As the interaction between marital status and sex is not significant at 5% significance level, I can say the association between marital status and family life satisfaction does not differ by gender.
Using standard error robust OLS to do the following models
Add an interaction between marital status and and age in Model 1 (Question 7.1).

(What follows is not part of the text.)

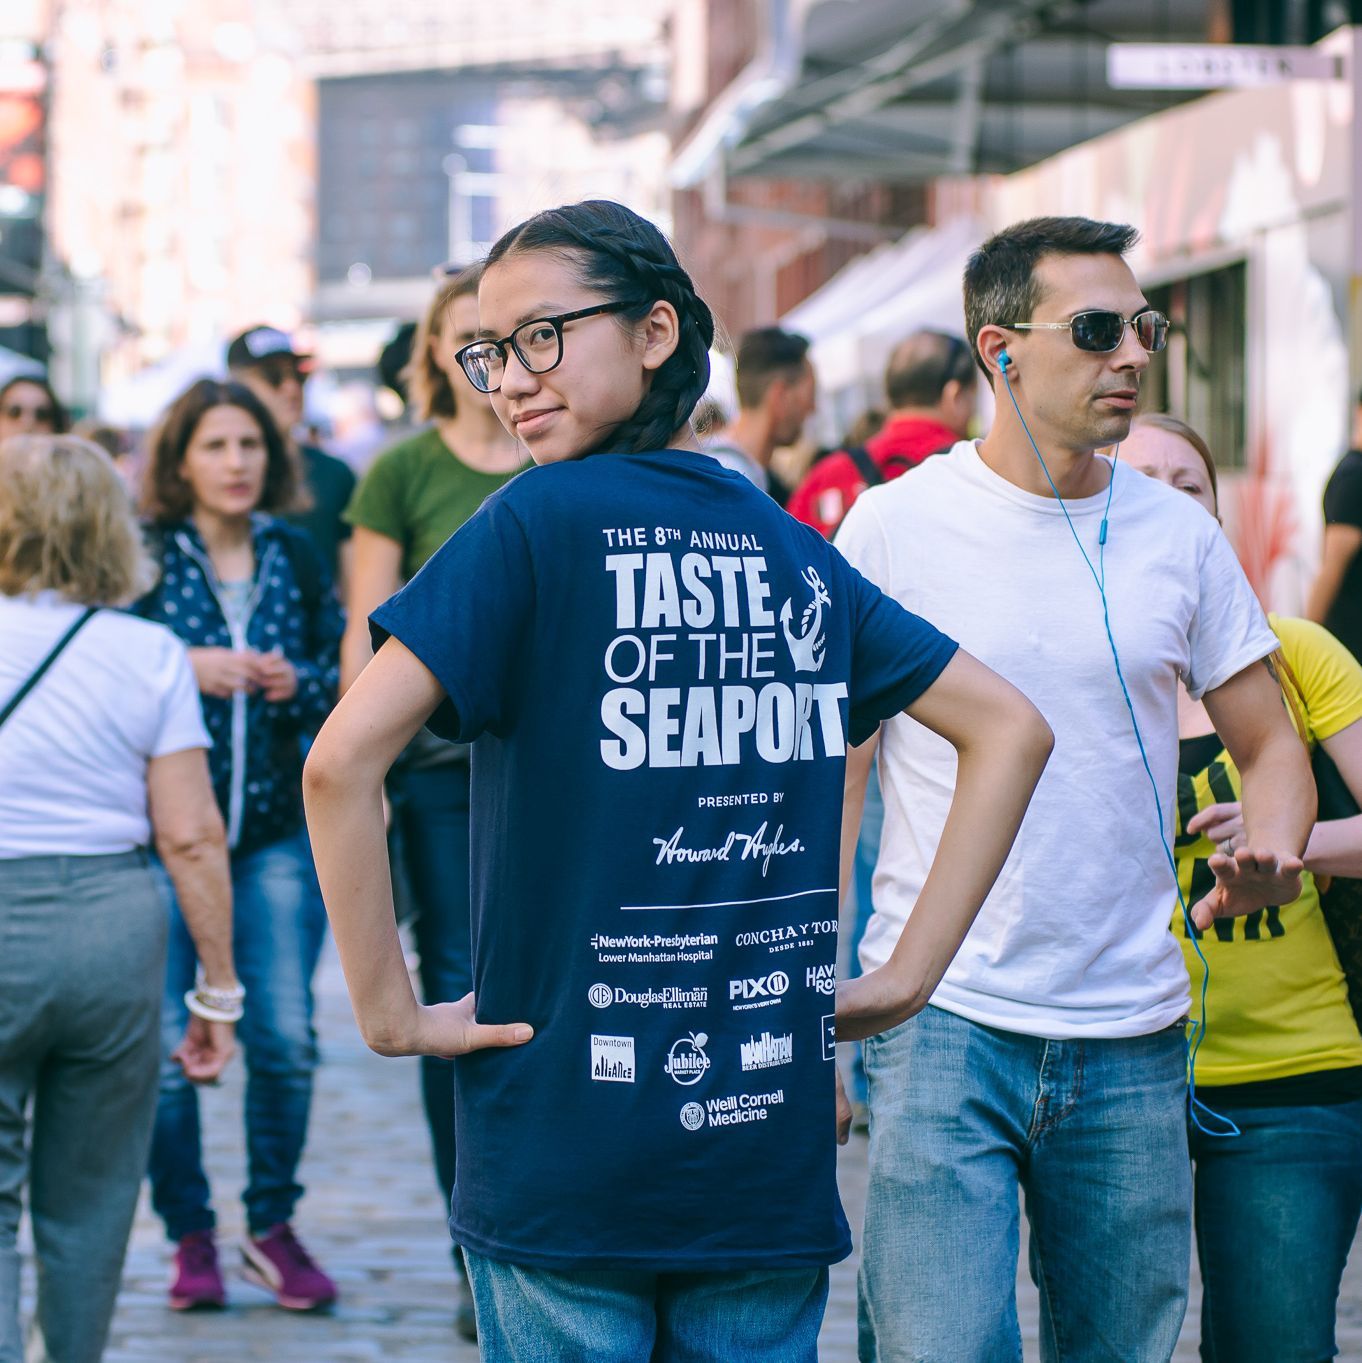 The Taste of the Seaport is back. Food, fun and supporting local schools🖤 October 16 ✶ 12-3pm Tickets ➤ Link in bio. #TheSeaport #HHCares

Does the association between age and family life satisfaction differ by marital status?
model3 <- lm_robust(data = dataset4,
formula = fam_sat ~ marital*age + sex + parenthood )
summary(model3)
##
## Call:
## lm_robust(formula = fam_sat ~ marital * age + sex + parenthood,
## data = dataset4)
##
## Standard error type: HC2
##
## Coefficients:
## Estimate Std. Error t value Pr(>|t|) CI Lower CI Upper
## (Intercept) 5.72962 0.46763 12.2524 2.472e-33 4.81253 6.64672
## maritalDivorced 0.69487 1.59051 0.4369 6.622e-01 -2.42437 3.81410
## age 0.05977 0.01391 4.2968 1.816e-05 0.03249 0.08706
## sex2 Female -0.19644 0.10977 -1.7896 7.367e-02 -0.41171 0.01883
## parenthoodHave kids -0.50691 0.14445 -3.5093 4.593e-04 -0.79020 -0.22363
## maritalDivorced:age -0.04083 0.04574 -0.8927 3.721e-01 -0.13053 0.04887
## DF
## (Intercept) 2001
## maritalDivorced 2001
## age 2001
## sex2 Female 2001
## parenthoodHave kids 2001
## maritalDivorced:age 2001
##
## Multiple R-squared: 0.02418 , Adjusted R-squared: 0.02174
## F-statistic: 9.498 on 5 and 2001 DF, p-value: 5.761e-09
texreg::htmlreg(list(model3),
custom.coef.names = c("Intercept",
"Divorced (Ref.=Married)",
"Age",
"Female (Ref.=Male)",
"Have kids (Ref.=no kid)",
"Divorced x Age"
),
custom.model.names=c("Model3_age inter"),
include.ci = FALSE, digits = 3,
file = "models3.html") #html
## The table was written to the file 'models3.html'.
As the interaction between marital status and age is not significant at 5% significance level, I can say the association between age and family life satisfaction does not differ by marital status.